Intermediate companies should:

  • Report on greenhouse gas (GHG) emissions: it should not be very difficult to collect the data from existing reporting systems to calculate what emissions are generated directly by your operations (scope 1) and your electricity usage (scope 2). Though it will be more difficult to calculate scope 3 emissions, which are those generated in your supply chain, by your investments and by the lifetime use of your products or services, this is still an important element of reporting.
  • Use data analysis tools: you should increase the sophistication of your thinking about climate impact by seeking out and using climate modelling tools specific to your industry and economic analyses relating to decarbonisation policy and regulation.
  • Analyse risk: use the categories of risk identified by the TCFD in its recommendations report to discuss with people from across your company what the risks in their area might be. Then seek sources of data to quantify this risk so that you can carry out sound, evidence-based analysis of the risks generated by your business. You might use public and commercially available tools to support analysis such as that provided by the UN’s environment programme.
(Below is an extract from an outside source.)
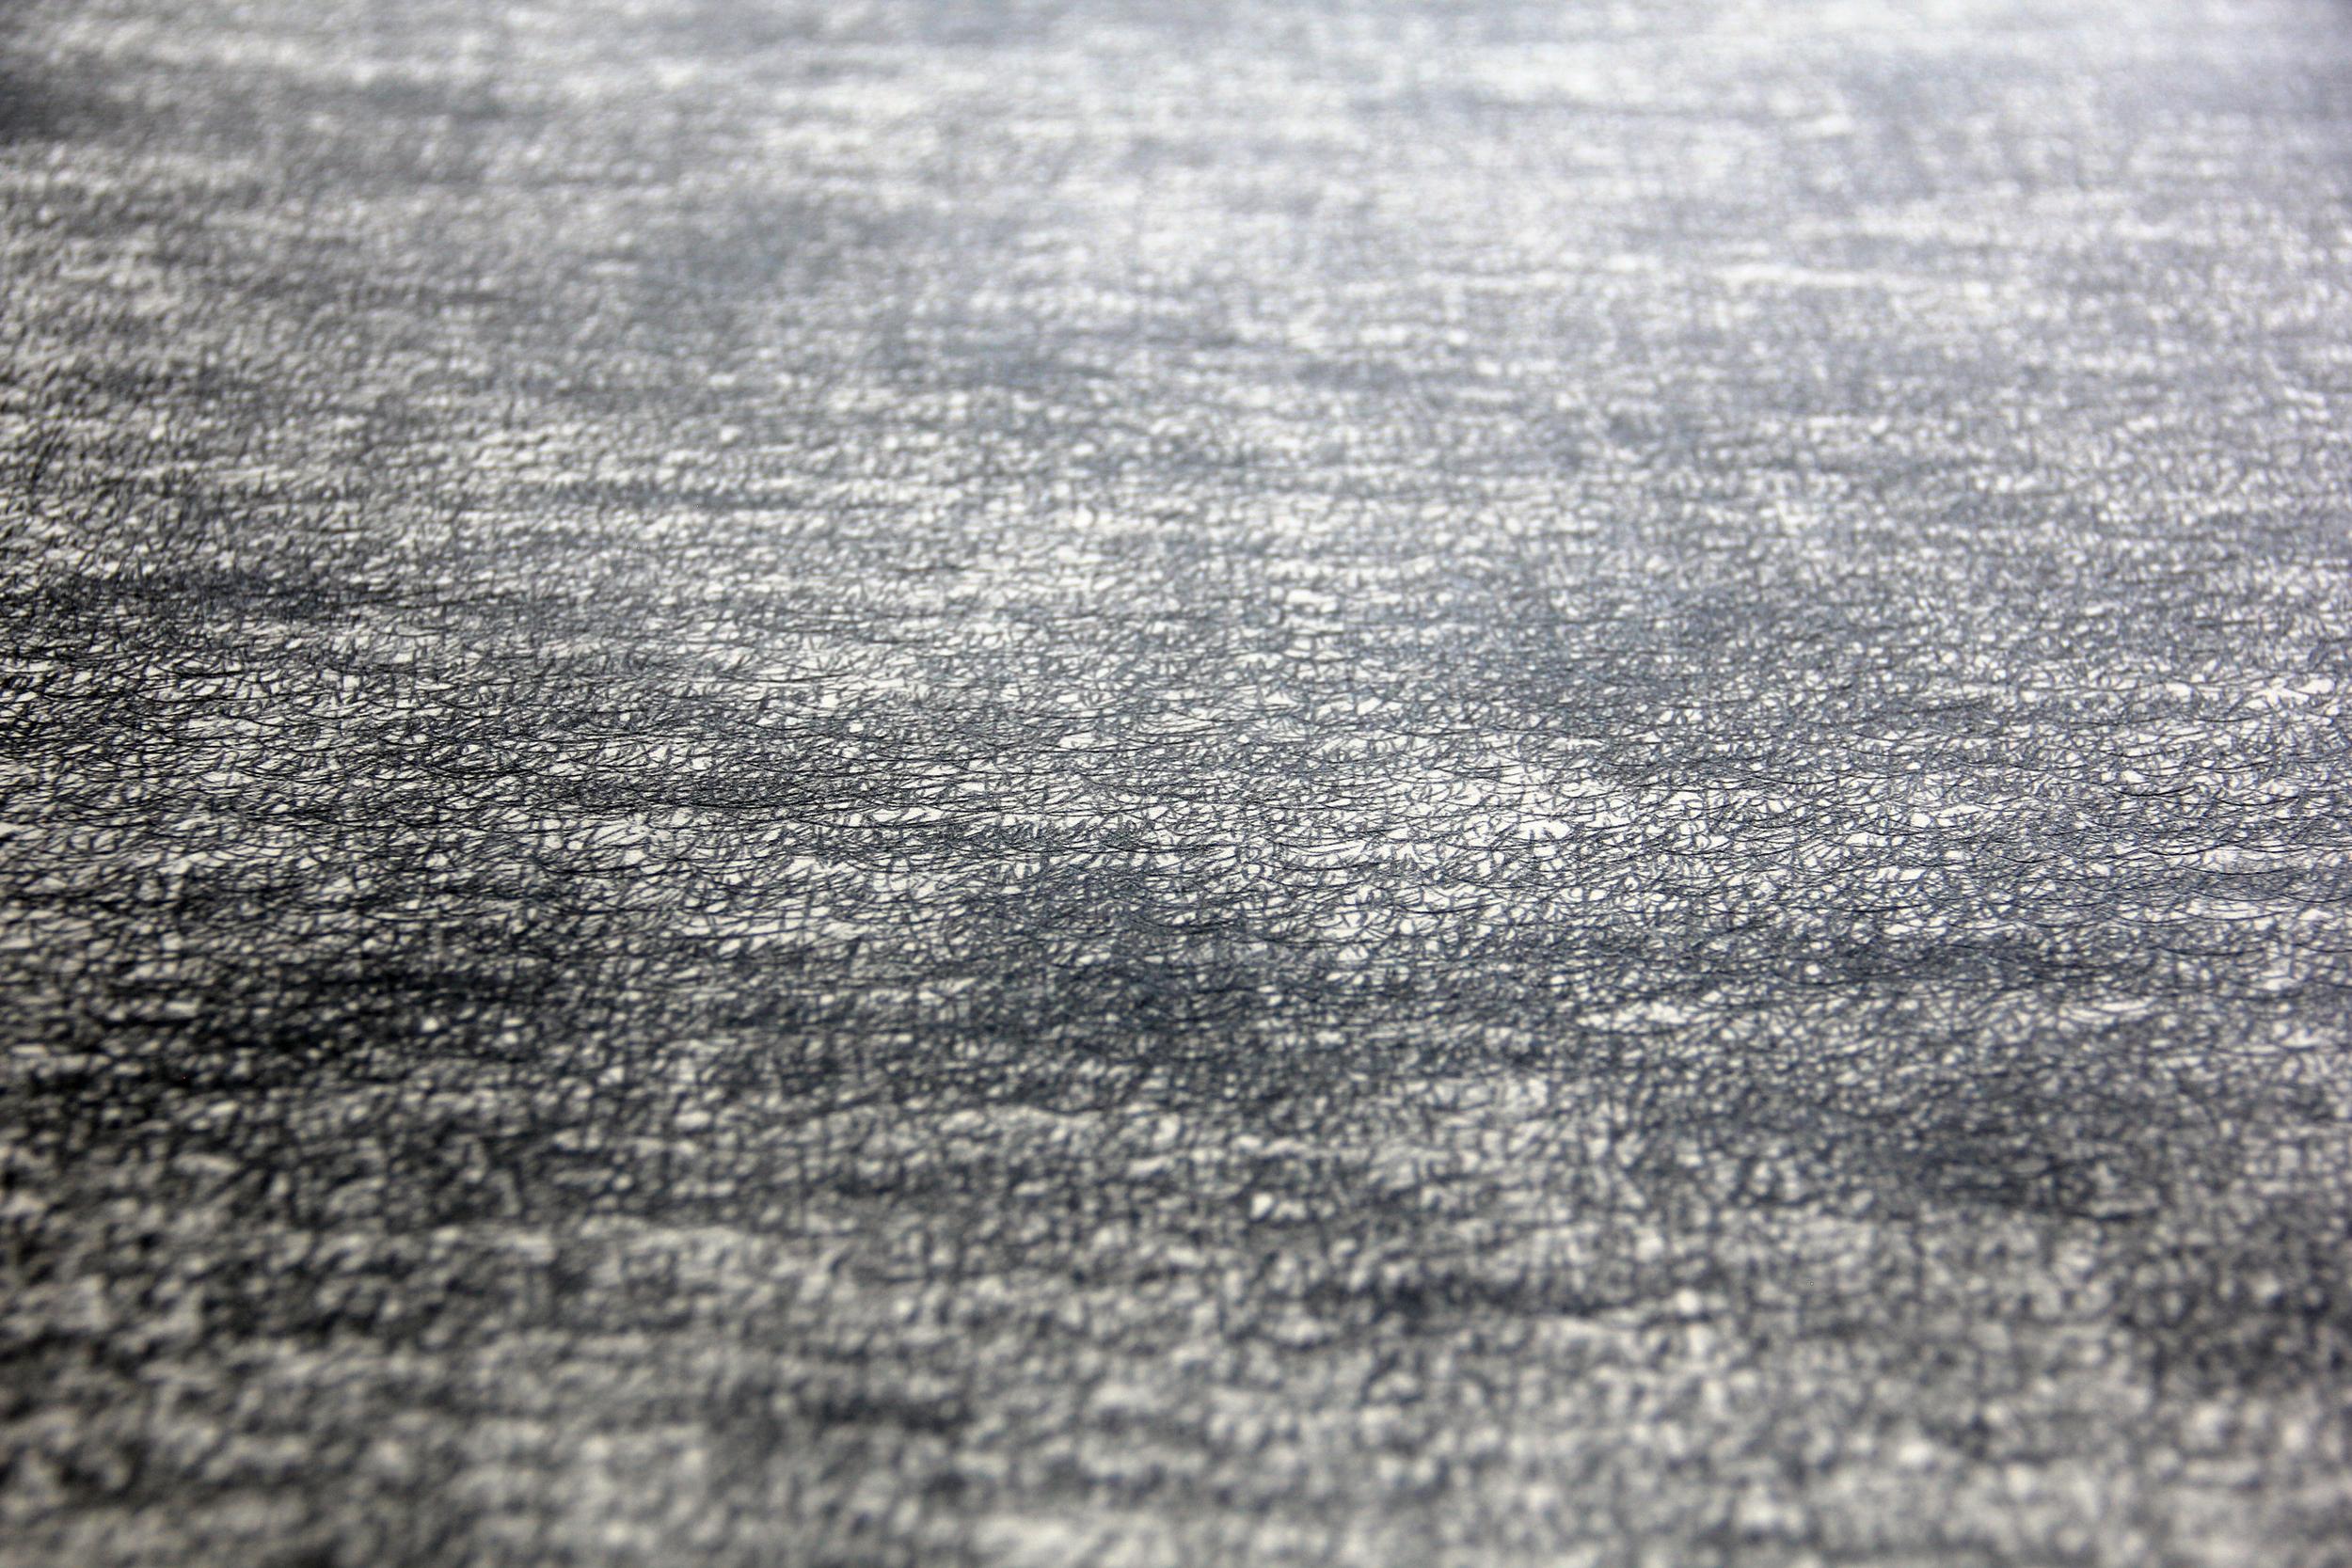 Yun Shin,  Record #02 , 2015, Carbon paper, 11 x 8 inches

  • Lead from the front: the leaders of the organisation are crucial in ensuring that climate action is integrated into every business function and is not treated as a standalone item. Climate risk should be on the agendas of boards and sub-committees, and leaders must take on responsibility for oversight of climate issues such as legal and climate liability; climate science and scenarios; net zero, and transition planning. If leaders are not in a position to do this now, training should be sourced that can ensure they monitor activities for climate risk, impact and opportunity.
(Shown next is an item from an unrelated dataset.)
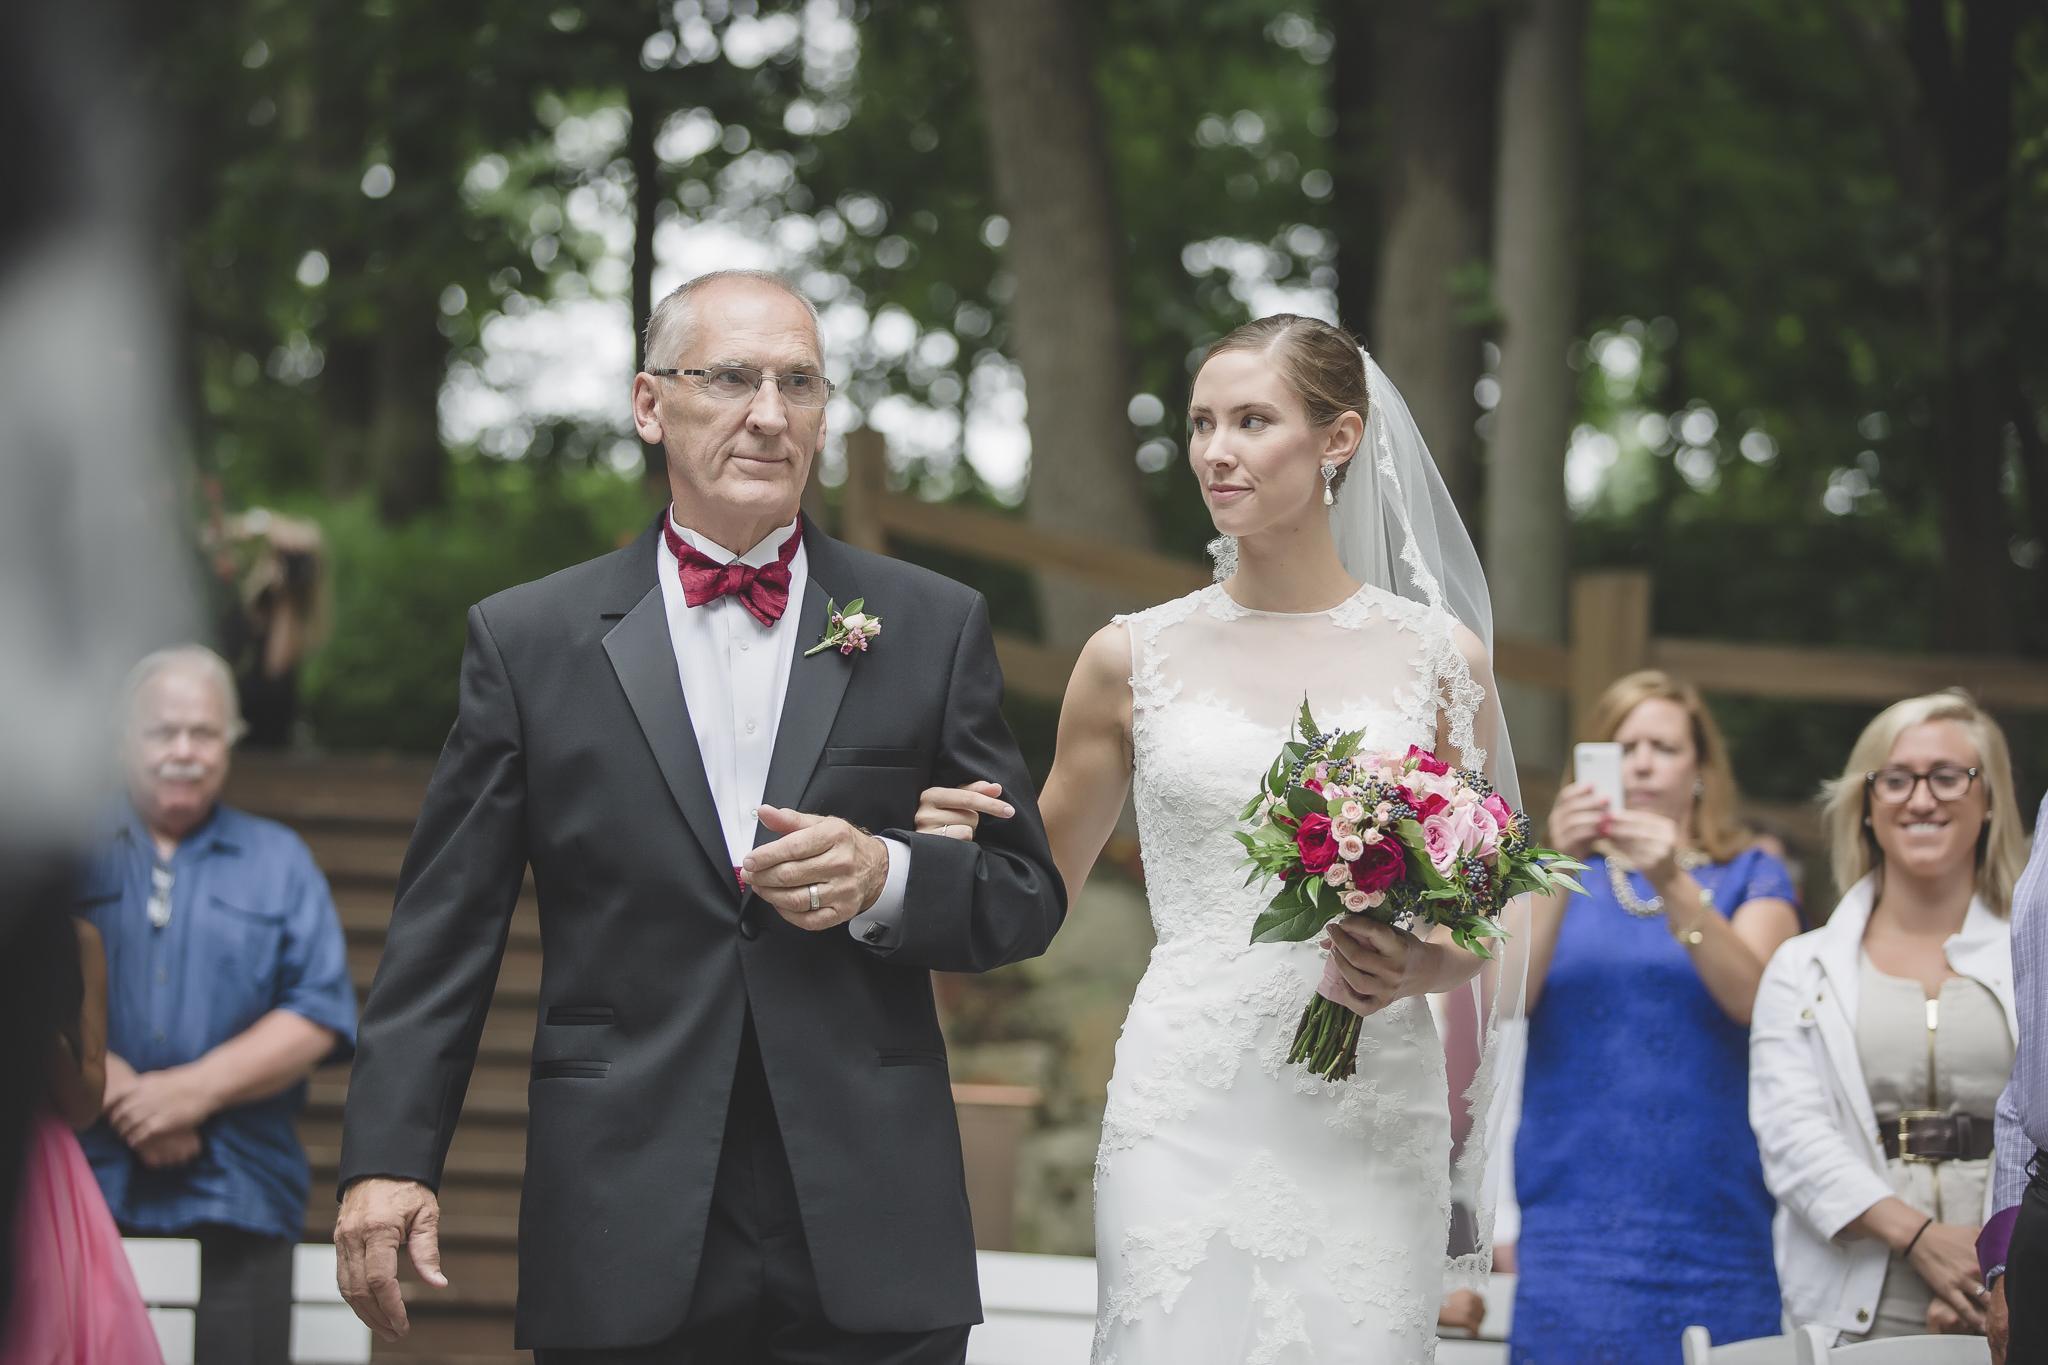 james j hill library wedding photography-11.jpg

  • Imagine the future: climate change will have an impact on your business. Physical and transitional climate risks and opportunities are a reality and should be planned for through scenario planning. If scenario planning is not a process the organisation is familiar with some outside help may be required. Start by picking one region or sector for a pilot scenario planning exercise.


Becoming a leader on TCFD standards is about taking the increased sophistication of the intermediate approach and making it a core part of how you do business. You should be embedding climate risk and analysis into every element of business planning and execution, as outlined in our fuller guide to TCFD compliance.

  • Extend scenario planning: having piloted scenario planning and got used to how it works, extend it to all areas of your business. Develop narrative outlines for different scenarios and explore the potential impact these would have on different risks and opportunities. Focus more deeply on regions or business divisions where there are areas of particular concern. Use what you learn to frame your strategy and business planning.
  • Make climate just another risk: you will now have a mature understanding of climate risk so it should no longer be a separate item. It should be fully integrated into your existing enterprise risk management process. Along the infrastructure value chain, this may also include consideration of how climate risk requirements are integrated into elements such as preacquisition due diligence; client project advisory, or supplier and contractor selection criteria.
  • Measure: you have identified climate related risks and opportunities and embedded them in your business planning. Decide how you are going to measure risk and success, then generate targets. Make sure you report against those as you would on any other metrics. Where possible ensure these are consistent with sector peers to support comparability in disclosure for investors.